**Record excerpts**.
+++

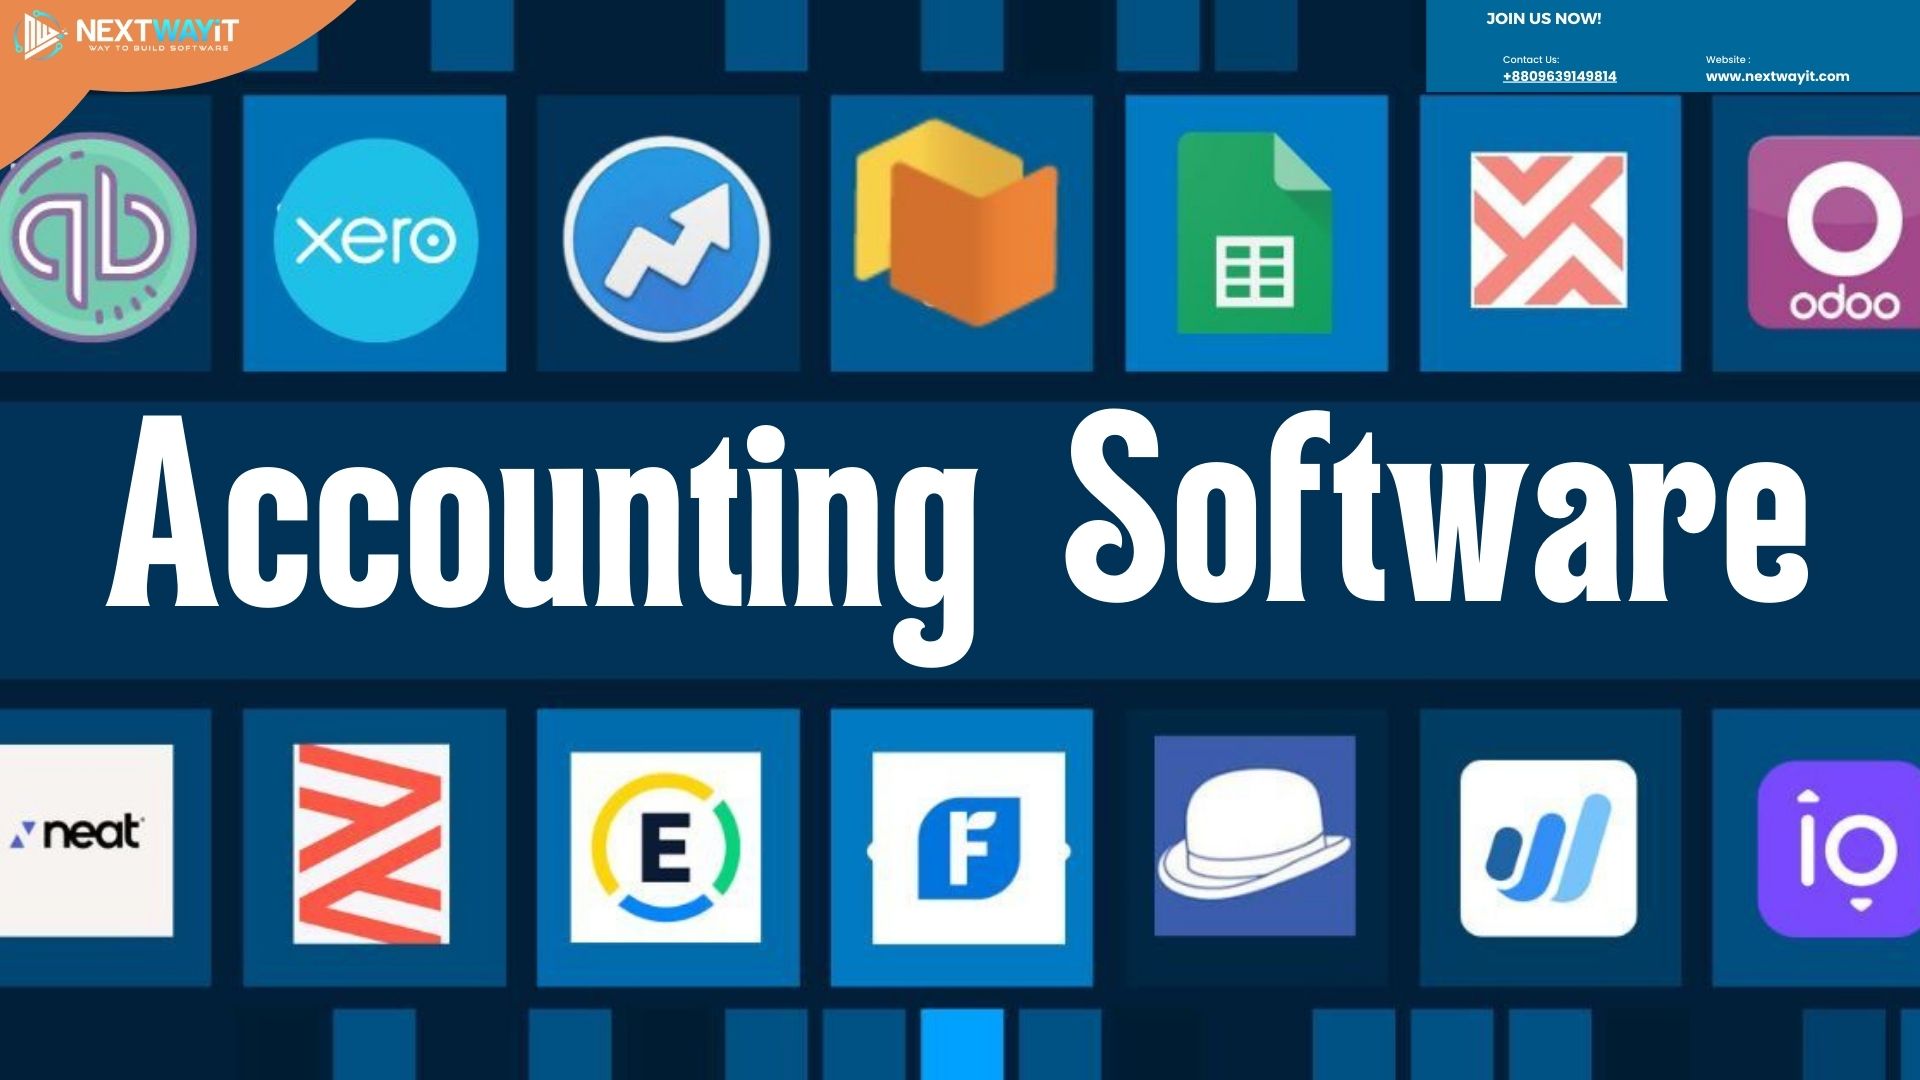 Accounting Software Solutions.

+++

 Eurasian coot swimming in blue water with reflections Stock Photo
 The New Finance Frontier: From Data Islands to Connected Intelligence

+++

**Requirement**.
Could you restate word for word the lines above from the one containing "Eurasian coot swimming" through the one containing "The New Finance", both included, and nothing else?

**Exercise output**.
 Eurasian coot swimming in blue water with reflections Stock Photo
 The New Finance Frontier: From Data Islands to Connected Intelligence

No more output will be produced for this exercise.